• Work to be completed:
What you return should match the material below line for line, except that no image appears in it.

(Source data begins)

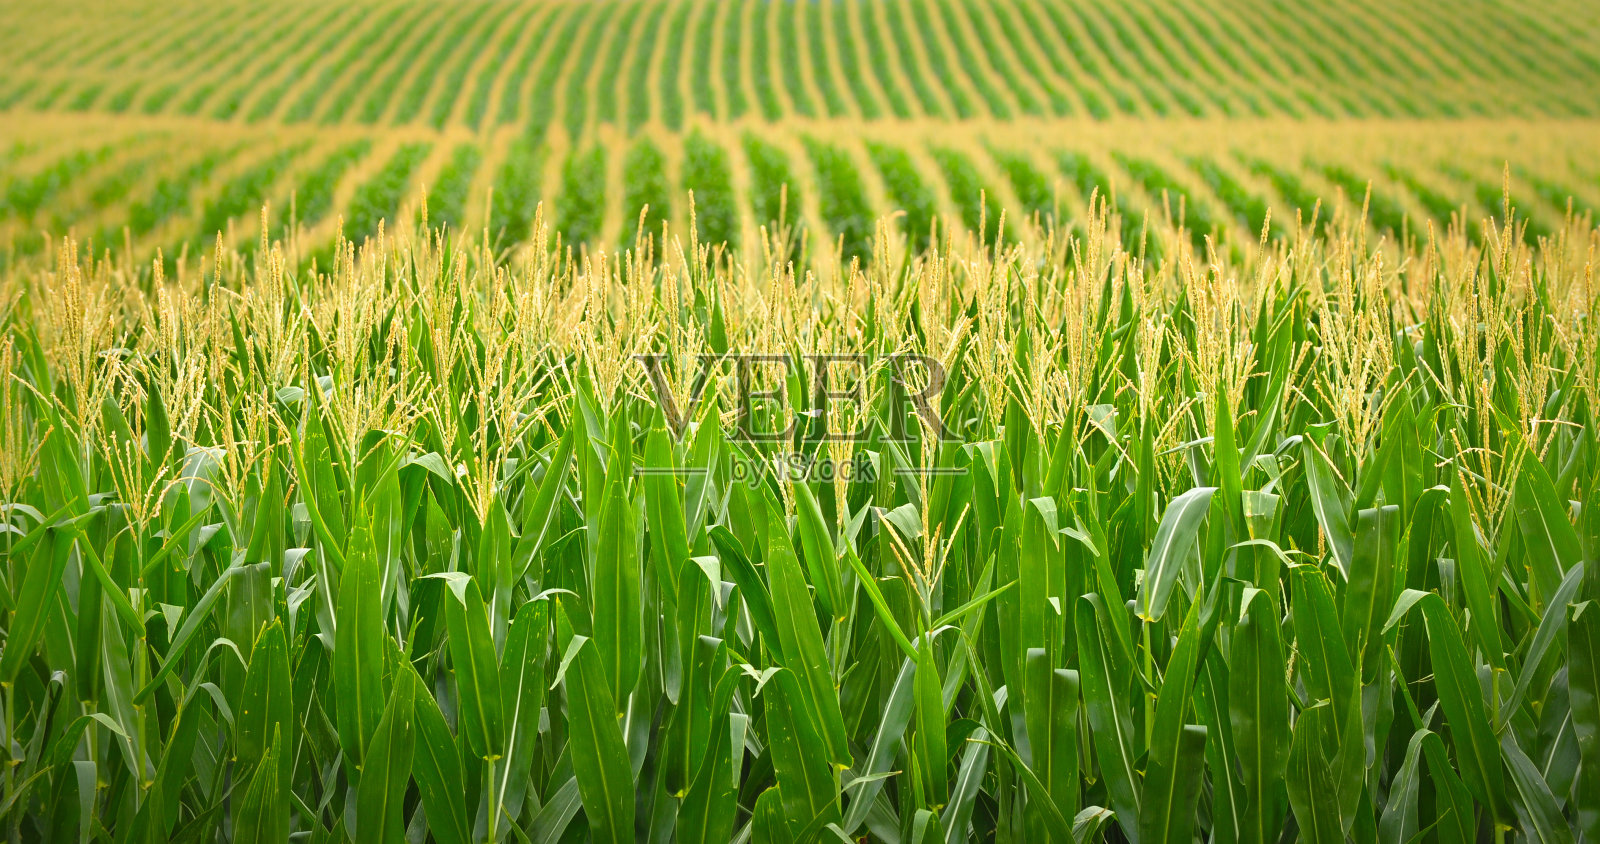 内布拉斯加州的玉米田照片摄影图片
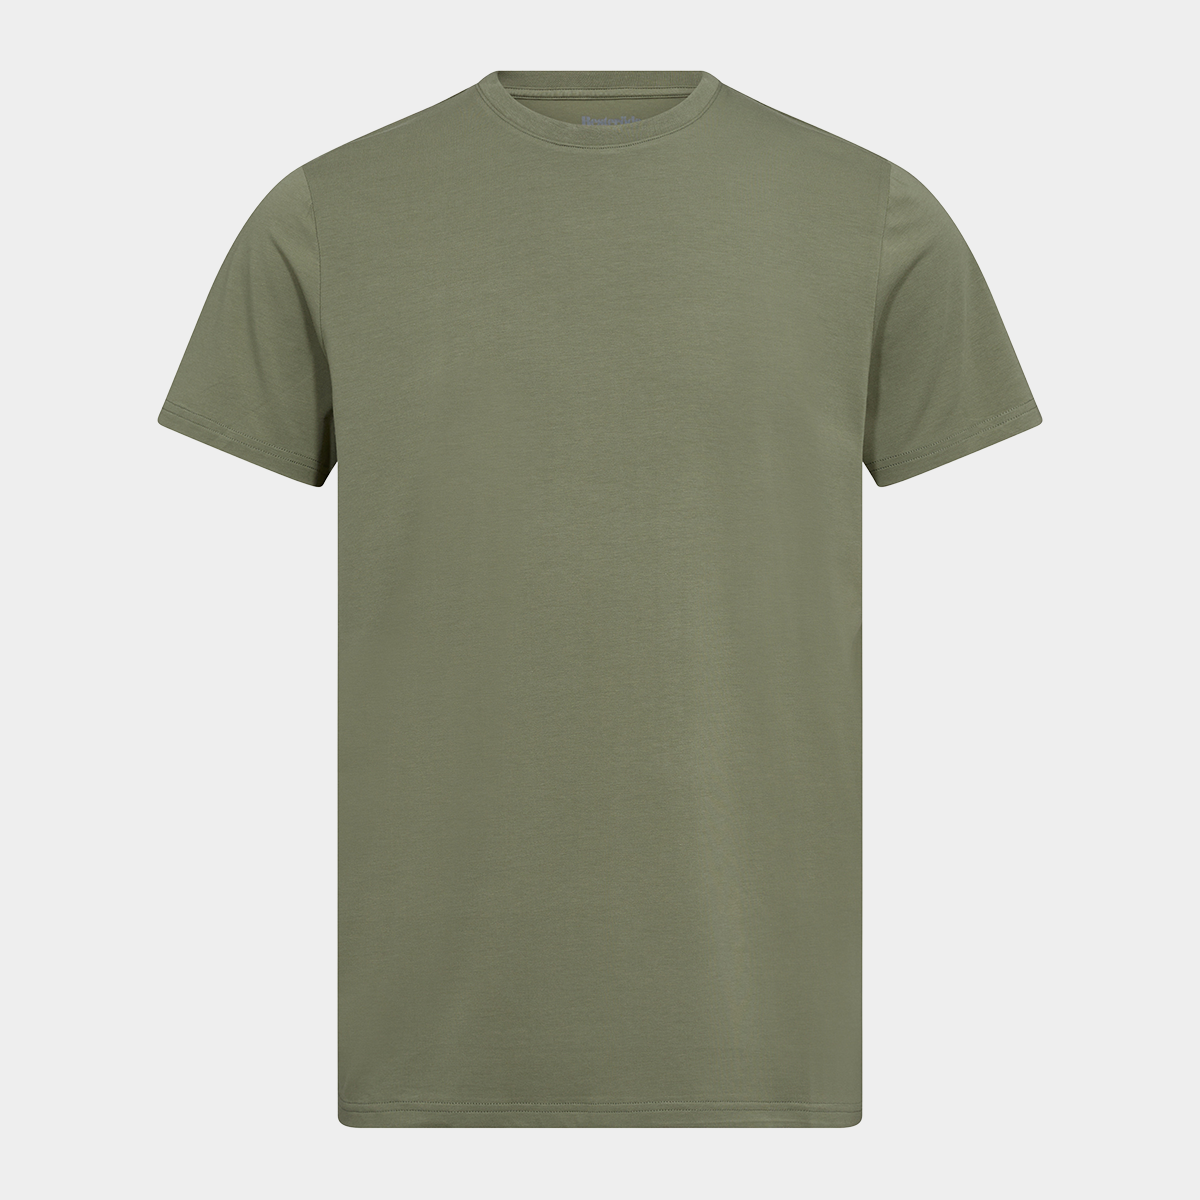 Se Grøn bambus r-neck t-shirt til herre fra Resteröds, L hos Bambustøj.dk
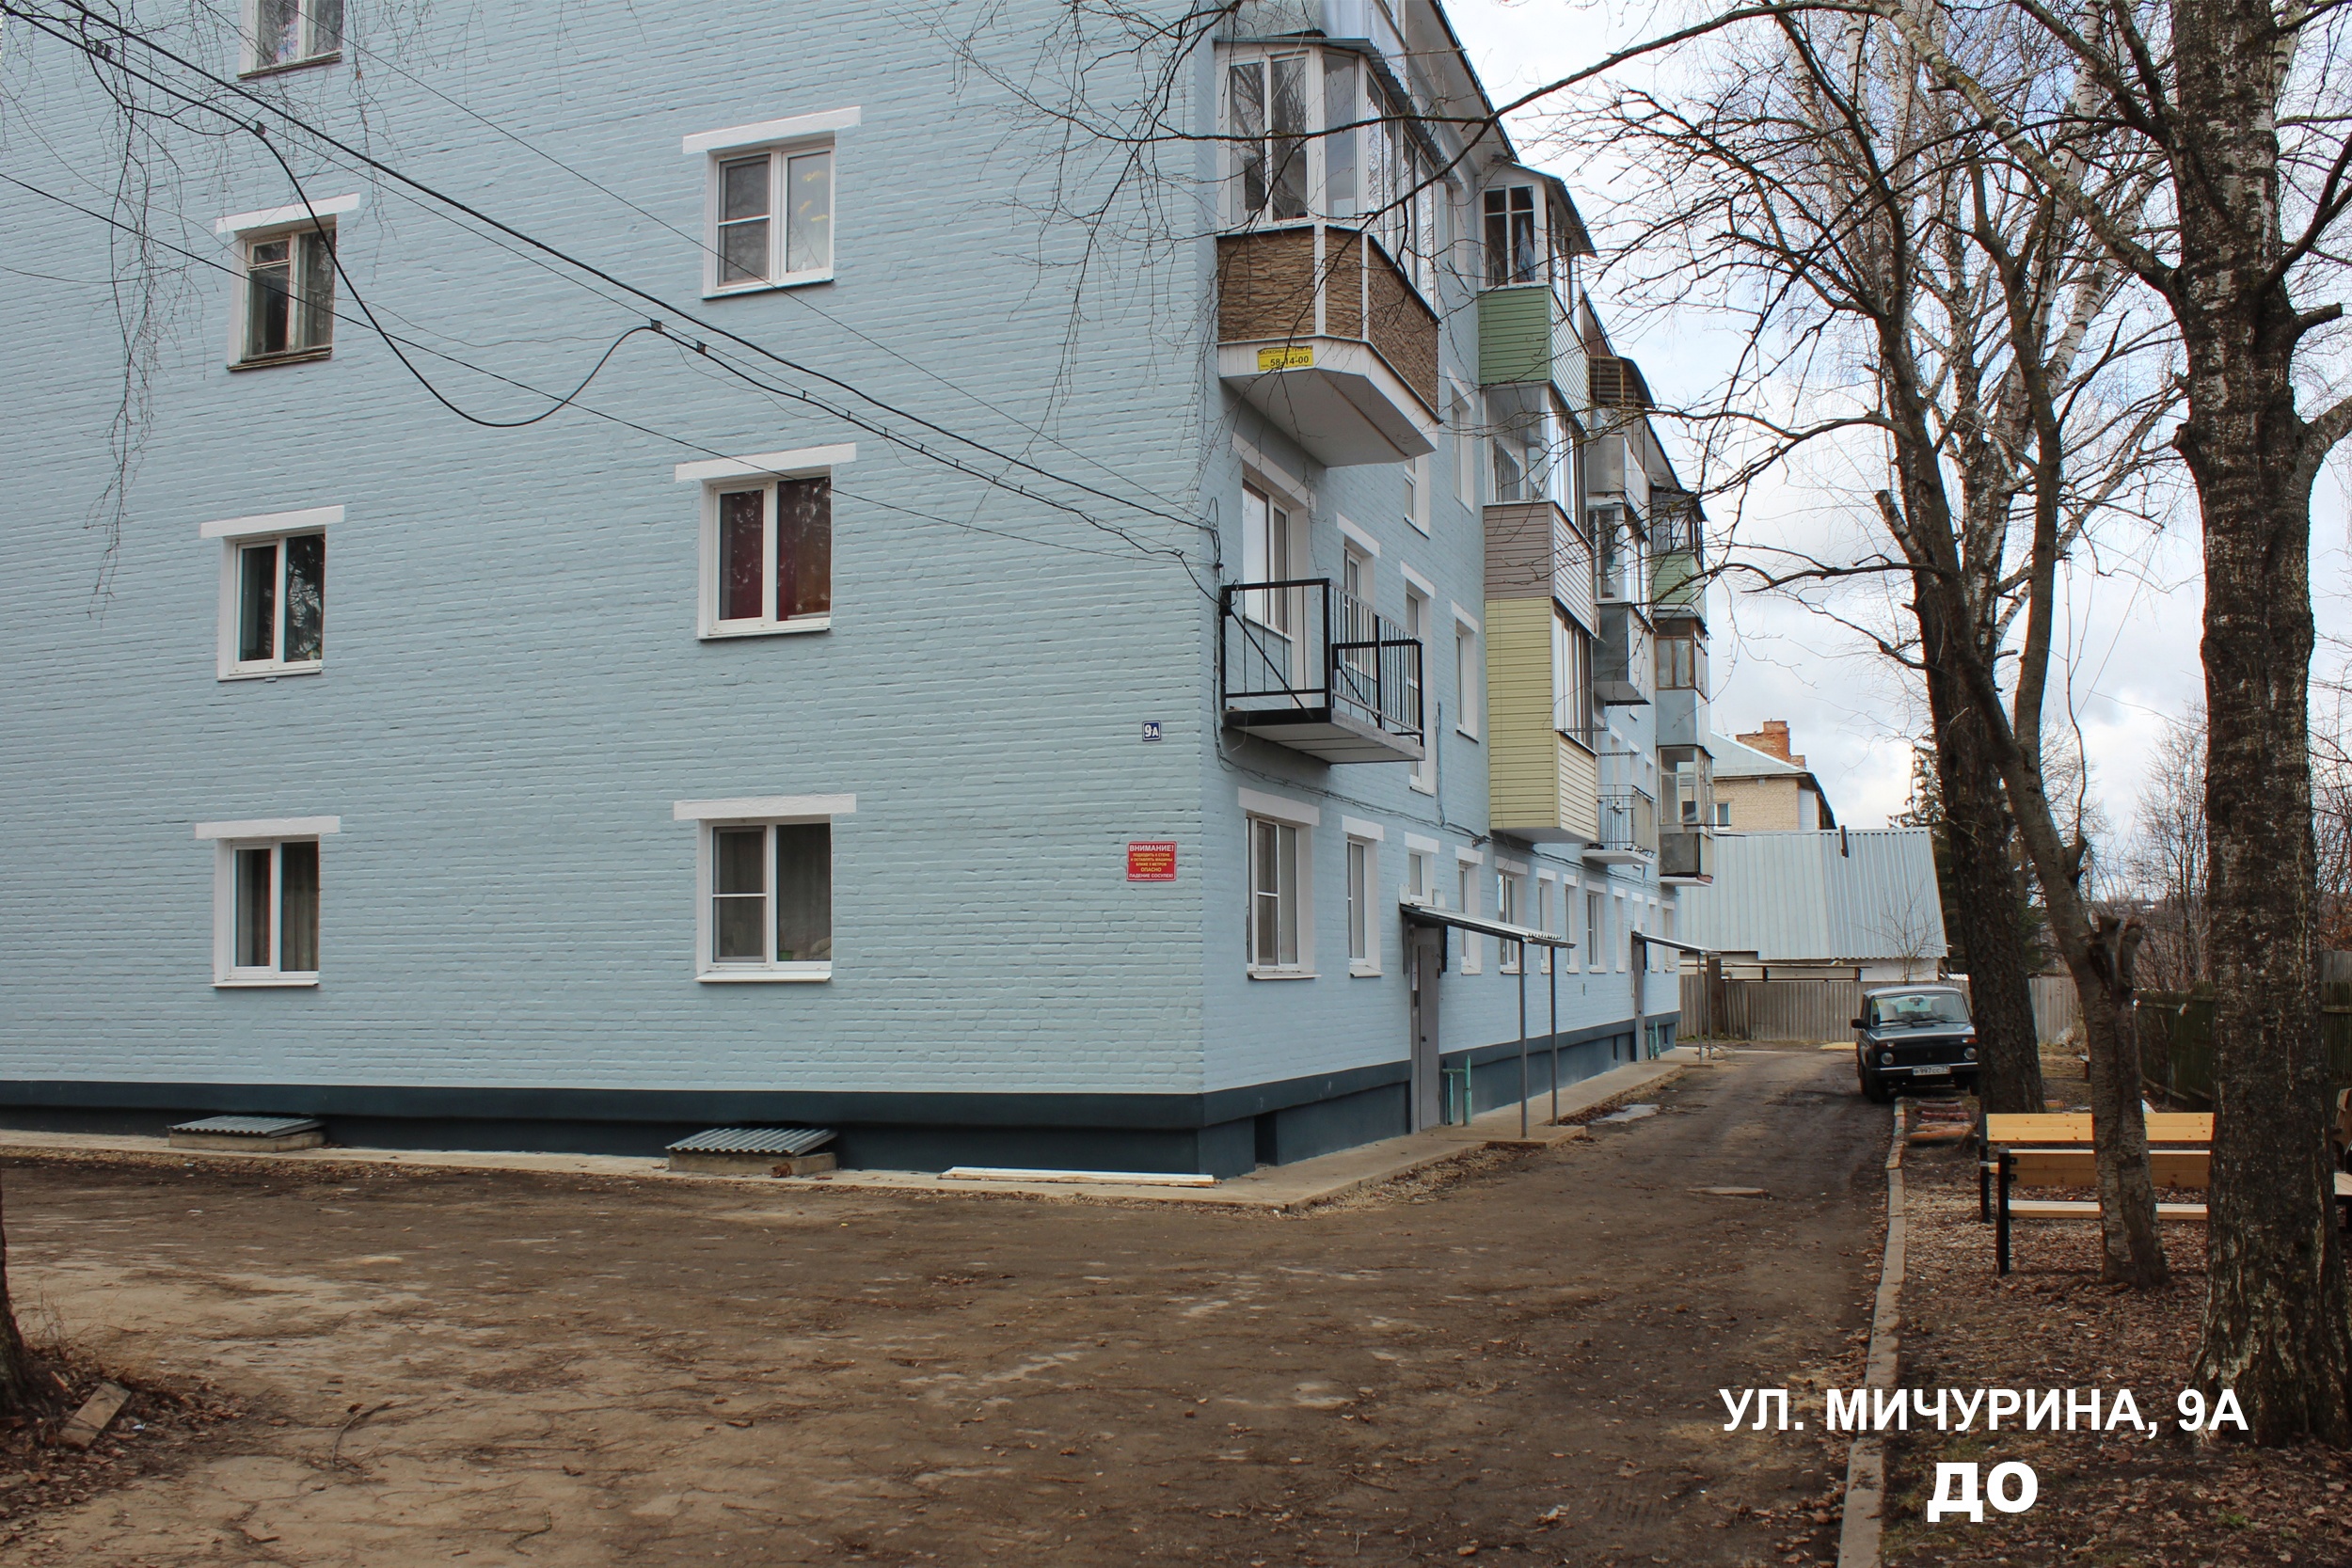 38 дворов в Плавском районе благоустроены по проекту «ФКГС».

(Source data ends)

• Expected answer:
 内布拉斯加州的玉米田照片摄影图片
 Se Grøn bambus r-neck t-shirt til herre fra Resteröds, L hos Bambustøj.dk
 38 дворов в Плавском районе благоустроены по проекту «ФКГС».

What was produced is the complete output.